§ **Source data**:
-- -- --

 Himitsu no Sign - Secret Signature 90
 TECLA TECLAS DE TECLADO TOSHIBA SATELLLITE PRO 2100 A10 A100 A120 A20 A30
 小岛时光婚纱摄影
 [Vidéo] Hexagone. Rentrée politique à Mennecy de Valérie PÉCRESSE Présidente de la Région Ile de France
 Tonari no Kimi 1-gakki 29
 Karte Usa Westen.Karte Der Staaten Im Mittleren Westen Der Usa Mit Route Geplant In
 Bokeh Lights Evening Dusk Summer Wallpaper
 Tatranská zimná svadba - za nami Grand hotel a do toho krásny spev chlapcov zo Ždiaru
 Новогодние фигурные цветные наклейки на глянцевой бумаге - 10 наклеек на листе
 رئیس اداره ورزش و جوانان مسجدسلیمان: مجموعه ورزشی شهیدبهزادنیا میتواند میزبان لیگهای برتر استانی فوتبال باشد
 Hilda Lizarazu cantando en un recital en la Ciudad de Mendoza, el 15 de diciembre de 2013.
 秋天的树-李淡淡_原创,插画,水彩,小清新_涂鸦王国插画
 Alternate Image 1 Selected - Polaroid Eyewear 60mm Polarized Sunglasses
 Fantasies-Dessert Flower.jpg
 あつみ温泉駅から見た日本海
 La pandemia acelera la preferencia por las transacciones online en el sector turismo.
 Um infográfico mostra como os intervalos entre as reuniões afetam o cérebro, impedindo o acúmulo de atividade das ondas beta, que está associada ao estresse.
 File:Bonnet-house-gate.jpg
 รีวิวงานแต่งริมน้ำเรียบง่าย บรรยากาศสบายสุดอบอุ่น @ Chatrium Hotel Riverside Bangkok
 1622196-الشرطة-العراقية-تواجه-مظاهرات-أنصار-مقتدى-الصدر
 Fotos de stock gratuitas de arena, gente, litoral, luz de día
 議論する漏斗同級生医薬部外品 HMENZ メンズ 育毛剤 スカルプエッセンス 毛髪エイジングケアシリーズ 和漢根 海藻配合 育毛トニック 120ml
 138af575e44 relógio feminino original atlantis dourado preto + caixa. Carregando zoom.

-- -- --

§ **What is being asked**: Copy out the line holding "Fotos de stock". Then copy every later line of the data, unchanged, through the last one.

§ **Response to the exercise**:
 Fotos de stock gratuitas de arena, gente, litoral, luz de día
 議論する漏斗同級生医薬部外品 HMENZ メンズ 育毛剤 スカルプエッセンス 毛髪エイジングケアシリーズ 和漢根 海藻配合 育毛トニック 120ml
 138af575e44 relógio feminino original atlantis dourado preto + caixa. Carregando zoom.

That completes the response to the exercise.